Как-то после обеда в ресторане "Бордей" (где я, как обычно, участвовал в застолье, но отнюдь не в трапезе) выяснилось, что моя машина куда-то исчезла. Василе Лука, один из ведущих членов Политбюро, отвечавший за работу с верующими, предложил подвезти меня на своей машине.

По дороге между нами завязалась оживленная беседа на вышеозначенную тему сосуществования государства и культов. Моя манера говорить прямо и смело в ту пору усугублялась еще и некоторой дерзостью. Я был молод и считал, что могу себе позволить роль enfant terrible.

Я сказал:

– Не сердитесь, но я искренне выскажу вам то, что думаю. До поры до времени мы, служители культов, нужны вам для ваших политических игр. Вы только в начале пути, поэтому предполагаете разделаться с нами позднее. Тем не менее совершенно ясно, что рано или поздно нас ждет уничтожение.

Он ответил:

– Ценю вашу искренность и буду говорить с такой же прямотой. Конечно, мы хотели бы искоренить религию. Но не все, чего нам хочется, мы можем себе позволить. Мы учимся у Советского Союза не только на его успехах, но и на его провалах.

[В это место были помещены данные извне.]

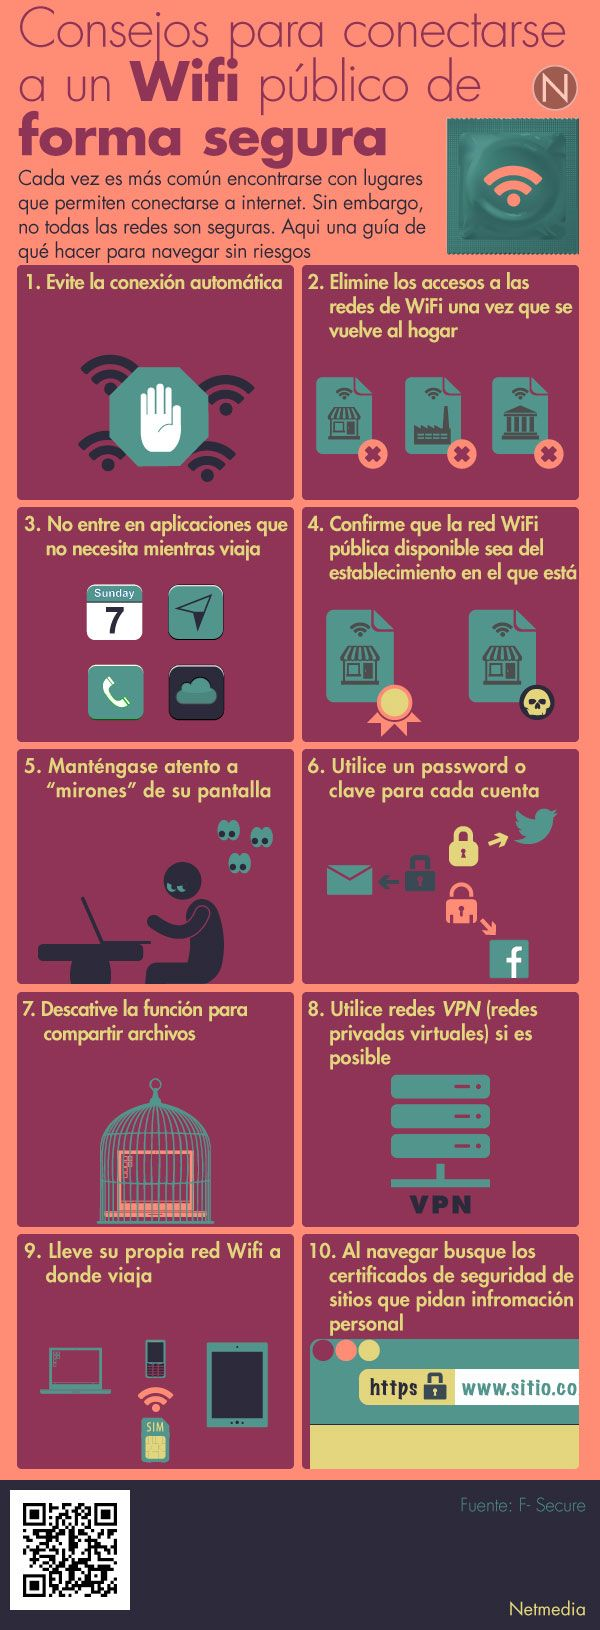 Usa la WiFi pública de forma segura #infografia
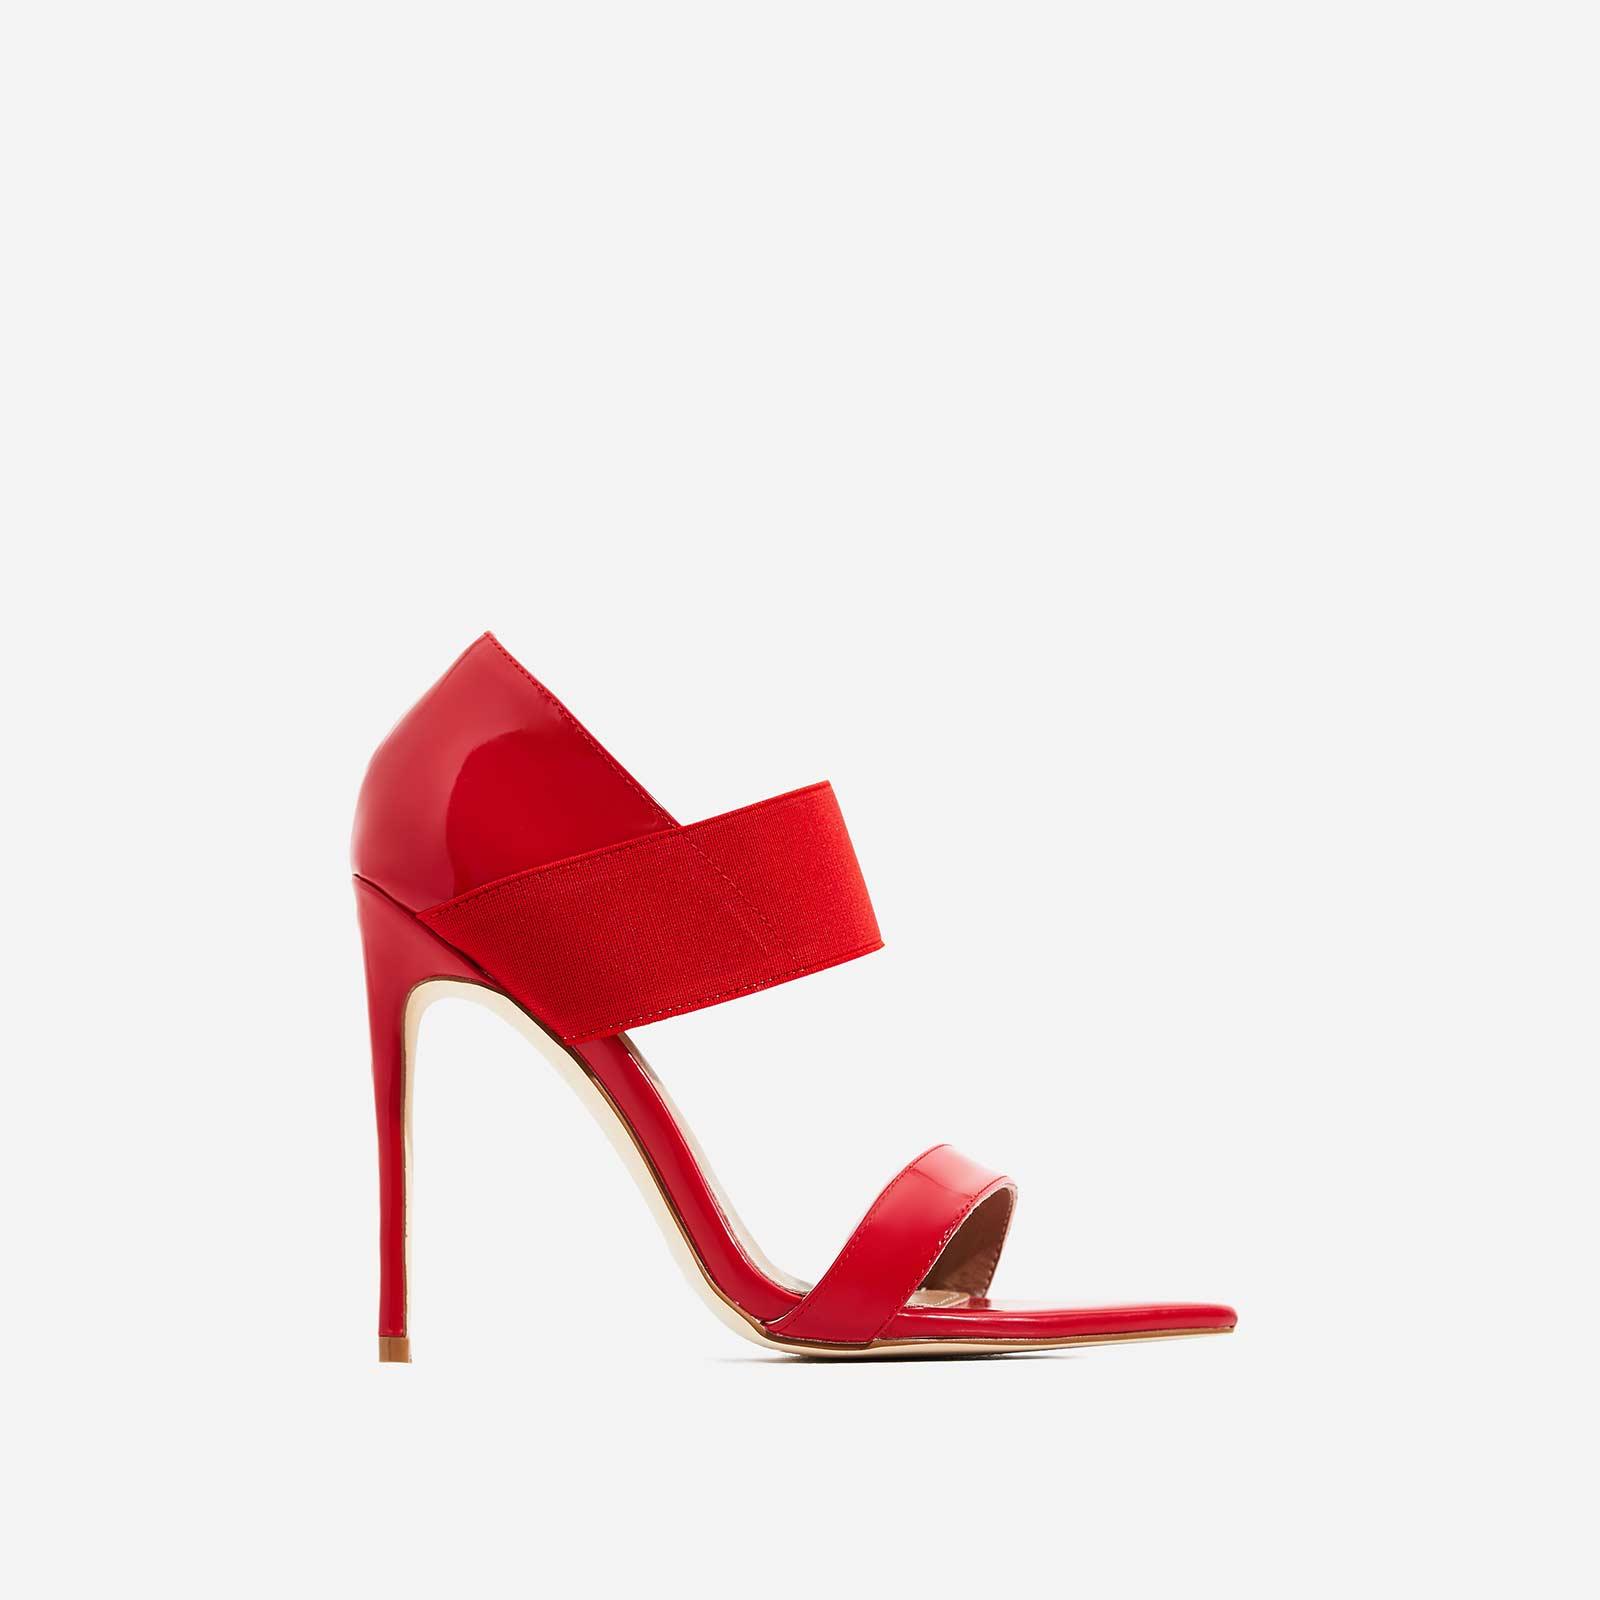 Erika Elasticated Pointed Peep Toe Heel In Red Patent

Они там добились всего, что хотели. Коллективизировали сельское хозяйство, национализировали промышленность, в корне преобразовали систему воспитания и т.д., и т.п. Но вот на религии они запнулись. После того как были приняты самые жесткие меры против священников, им пришлось самим начать все сначала – заново открыть церкви, восстановить клерикальную иерархию и пр. Почему? Дело в том, что все можно отнять у человека – землю, завод, фабрику, мастерскую, школу и так далее. Если он сопротивляется, мы садимся в танки, и это становится для него очень убедительным доводом. Но, к сожалению, никакими танками нельзя растоптать в душе человека веру. Вот почему русским пришлось пойти на попятную в этом вопросе, а мы не хотим повторять их ошибки. У нас есть время обдумать свои решения. Оно, время, все равно работает на нас и – против вас. Мы не сажаем вас в тюрьмы, ни в чем вас не стесняем, мы не заинтересованы создавать себе новых врагов и собственными руками творить мучеников. Вы исчезнете сами собой, потому что будущее – главный ваш противник...

С тех пор прошло почти сорок лет. Василе Лука давно забыт, а его предсказание оказалось пустышкой. Время работало на нас. Об этом говорят цифры, об этом говорит новое поколение, выросшее за эти годы и строящее сейчас для себя лучшее будущее в Израиле...

...Один из аспектов мракобесия – фанатизм. Фанатизм, все доводящий до абсурда!

В самом начале своей деятельности я задумал воссоздать раввинское училище. Министерство культов не возражало. Это как бы само собой разумелось, потому что у других культов – православных христиан, немецких евангелистов, венгерских реформистов и др. – были свои теологические семинарии.

Однако Фельдман-Лейбович-Бакал, эта зловещая троица из ДЕКа, ожесточенно сопротивлялись нашему начинанию и пользовались любыми предлогами, чтобы не допустить легализации "иешив", которые, в общем-то, существовали и без разрешения, но средств к существованию не имели.

Когда, наконец, мне удалось сломить их сопротивление, начались бесконечные дебаты по поводу учебных программ. Они, так и быть, соглашались на преподавание ТАНАХа, Талмуда, "Шулхан аруха" и т.п., но категорически отвергали а) иврит, б) еврейскую историю. Мотив: это не что иное, как сионистская пропаганда!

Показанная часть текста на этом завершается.